田有银惊怒交加:“你们这群畜生,竟然对一个孩子用了这么重的刑!”
“孩子?”人群中一个女人忽然冷笑起来,吐了一口痰在田勿的身上,骂道,“这小兔崽子放了那么多火,连你们田家的也没饶过,可见心肠何其歹毒,你们居然还要护着他?”
田有金拦住了弟弟,而是将目光转向震惊的陆徵:“陆公子,田勿已经被逼的自尽以求清白,难道你还要怀疑他是凶手吗?”
田有银在一旁不忿道:“哥,你问他做什么?这一切都是这个外人引发的,田勿要是死了也是他害的!”
陆徵被这声叱骂给惊得退了两步,他的脑子里现在一团乱麻,他没想到里正他们会对田勿用刑,不对,他不是没想到,而是他自己忽略了那种可能性。他太迫切地想要破案了,哪怕他一直提醒自己要以侦查为依据,可他仍旧放任这种行为,最终的结果却是因为他的臆断而险些害了一条人命!
他究竟在做什么?!
陆徵想起自己先前还和青鸾振振有词地说法理正义,那些话回荡在自己的脑海里,多么可笑!他竟然在不知不觉中成了自己最厌恶的那种人,那种拥有特权高高在上的人!
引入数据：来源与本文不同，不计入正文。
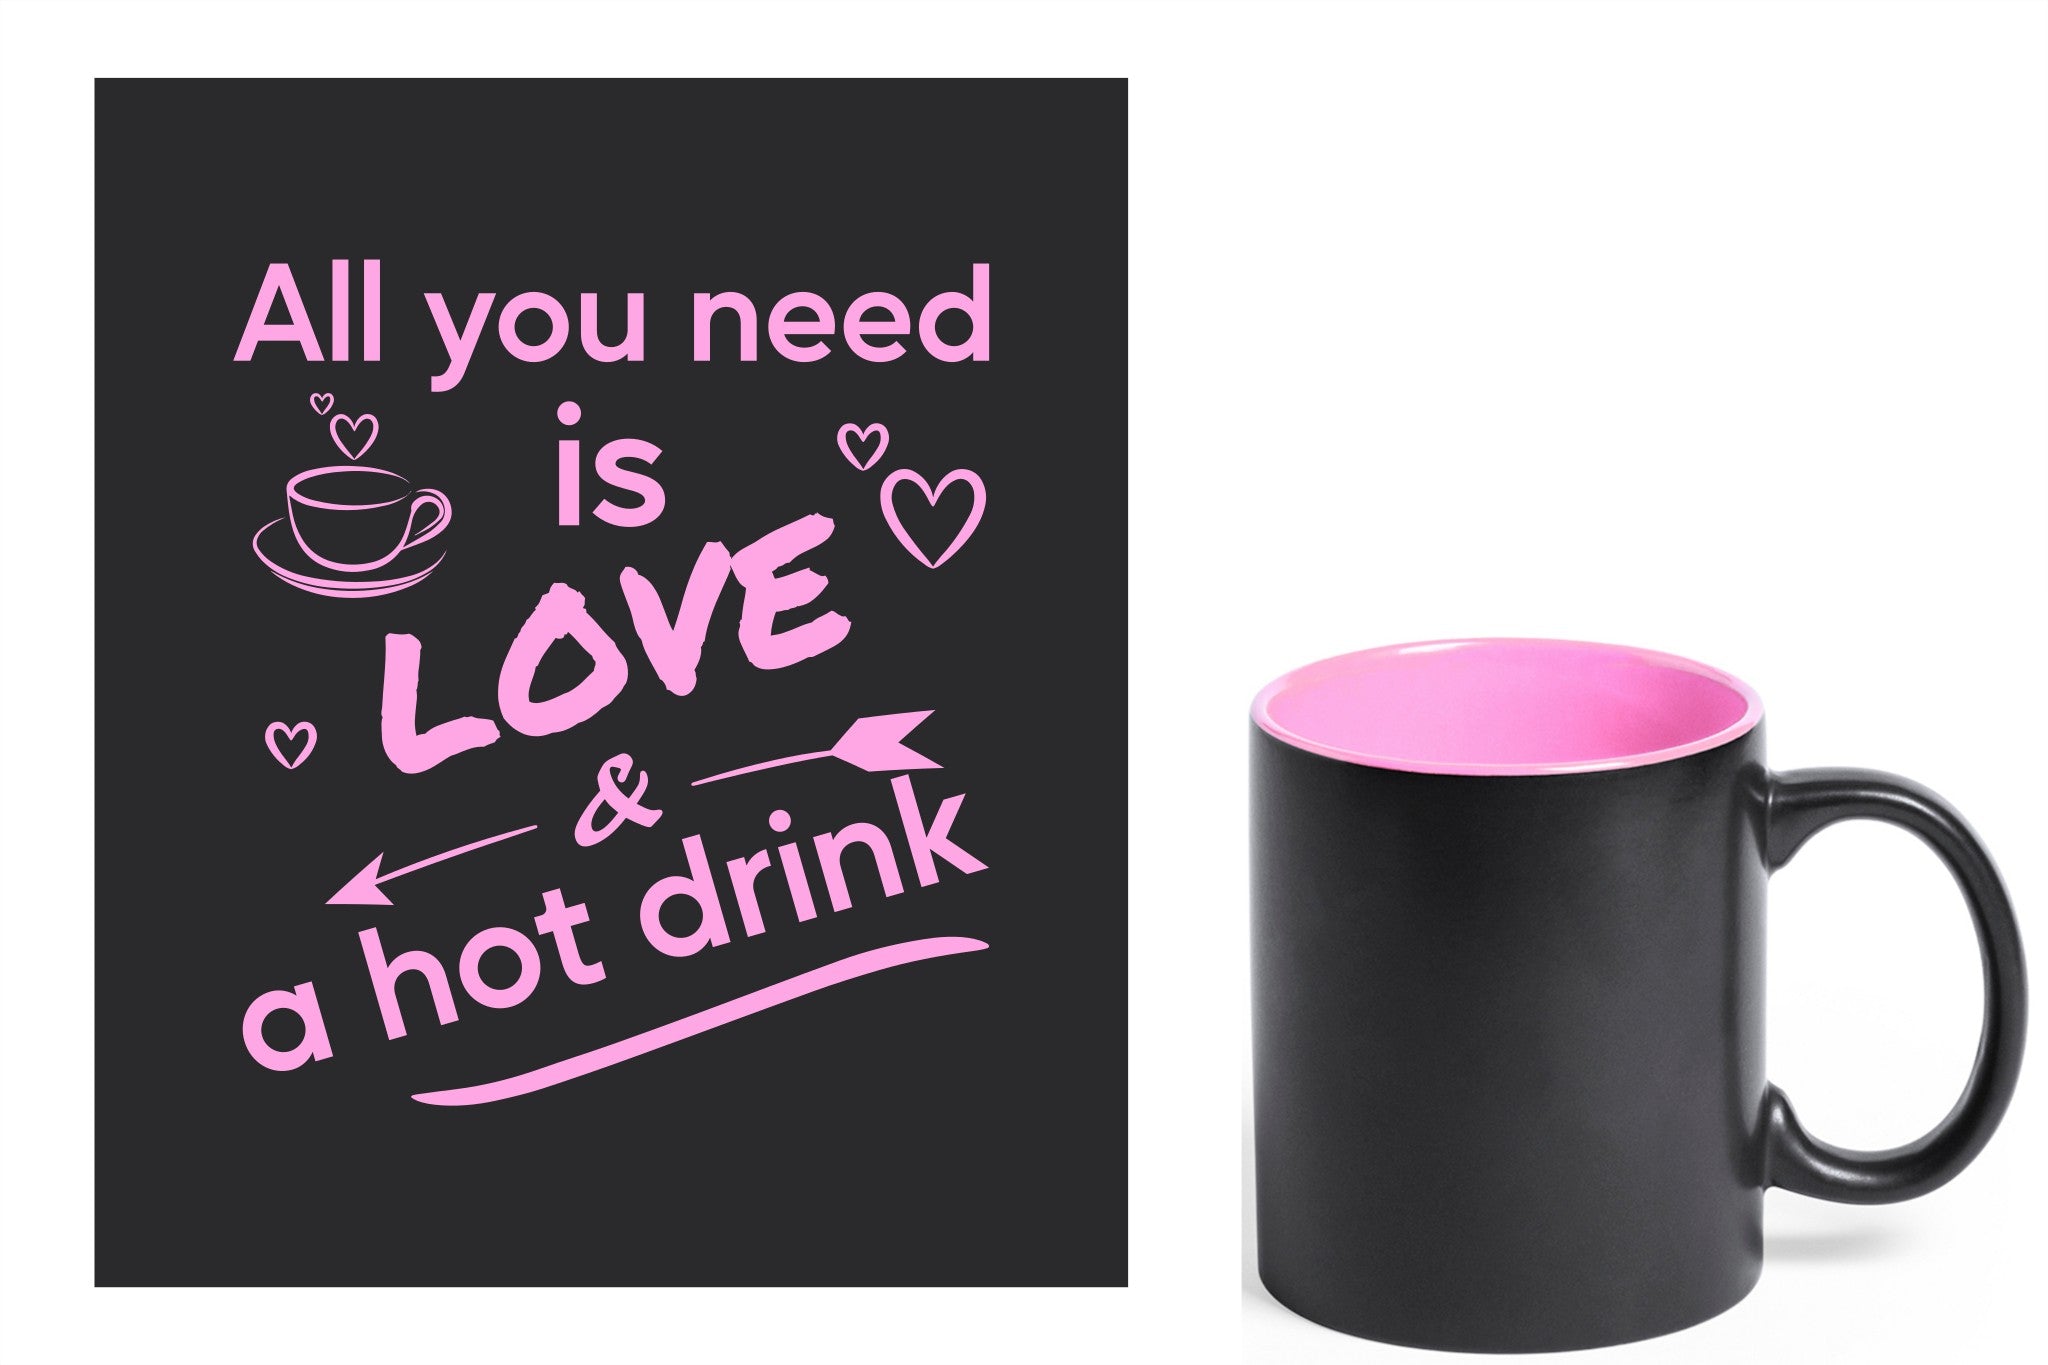 zwarte keramische mok met roze gravure  'All you need is love & a hot drink'.

陆徵苍白着脸色,面对田有金的责问,他闭了闭眼,才嘶哑着声音开口道:“此事是我武断了。但——”
他看着田有金:“现在田勿的嫌疑也依然不能解除,至少他在心理上是有一定程度的扭曲的,他对这村里的人心怀恨意,他是有足够的动机的……”
陆徵的话没有说完,早已怒发冲冠的田有银一拳打了过来:“你差点害死他还不够吗!”
这一拳并没有打到陆徵脸上,田有金一把拉住了弟弟,而青鸾则在第一时间挡在了陆徵前面,长剑微微出鞘,警告着田家兄弟。
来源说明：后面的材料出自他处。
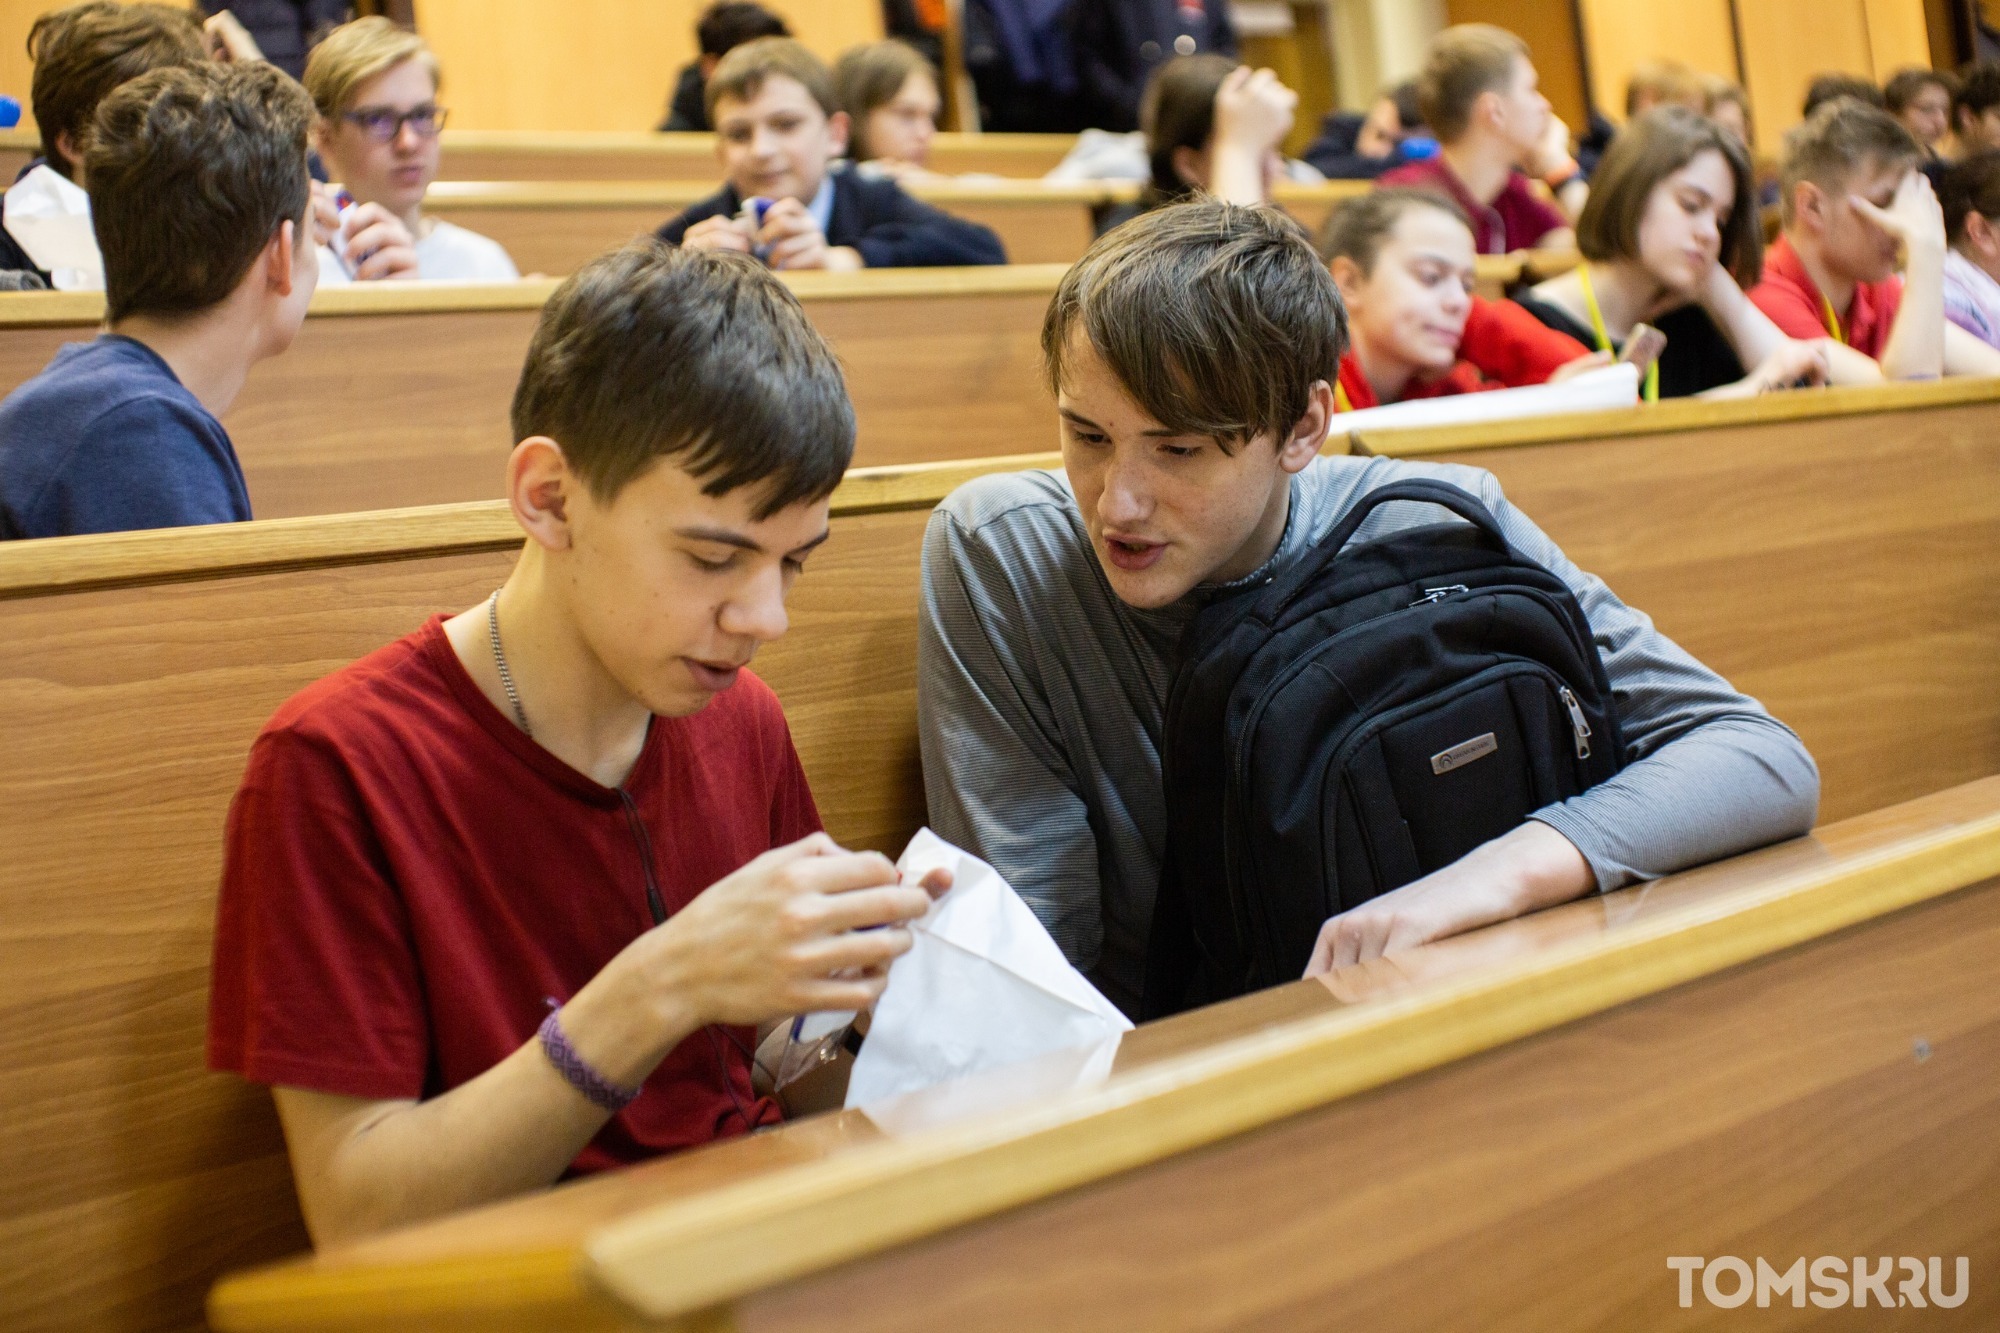 Томские студенты смогут получить бесплатный кофе за посещение библиотеки

陆徵并没有躲闪,他对着青鸾摇摇手,重新站在田有金面前,静静地看着他们:“这只是我的看法,如果田勿真的不是凶手,我会向他道歉的,到时候要打要骂随你们。”
正在这时,王大夫突然喊道:“他醒了。”
所有人的目光都集中在田勿身上,他眨了眨眼睛,似乎还有一些迷茫,但他很快就反应过来,猛地坐起身,一把将王大夫给推了出去,恶狠狠地看着周围,嘴里发出含糊不清的音节。
王大夫顾不得自己跌伤,忙喊道:“你嘴里的伤还没好,现在不能说话。”
田勿却根本就没有理他,目光甚至在掠过田有金一行人时也没有半点温度。他就像一只无家可归的小兽,对着残酷的丛林色厉内荏地亮出自己的爪子,想要以此来保护自己。
田有金怎么都没想到田勿醒来会是这样的反应,他面色一沉,喝道:“田勿,过来!”
田勿就像没有听见他说什么一般,仍旧缩在原地,田有银看不过去,想要一把将田勿给抓回来,受了惊的田勿一口咬在他的手臂上,田有银吃痛,一把就将田勿给甩了出去。
陆徵大叫:“小心!”
青鸾早已注意到这一切,连忙冲过去接住了田勿,又向后退了好几步才站稳。
田勿脸色苍白,因为失血和疼痛再一次地晕了过去。青鸾将田勿放在地上,王大夫连忙过来给他诊治。
田有银捂着被咬伤的手,脸色阴鹜地看着不远处的田勿,田有金也没有说话,脸色沉沉的不知道在想什么。
正在这时,已经处理好田勿伤口的王大夫走了过来,冷声道:“你们田家人既然气势汹汹前来问罪,老朽倒也有些问题想要来问问你们。”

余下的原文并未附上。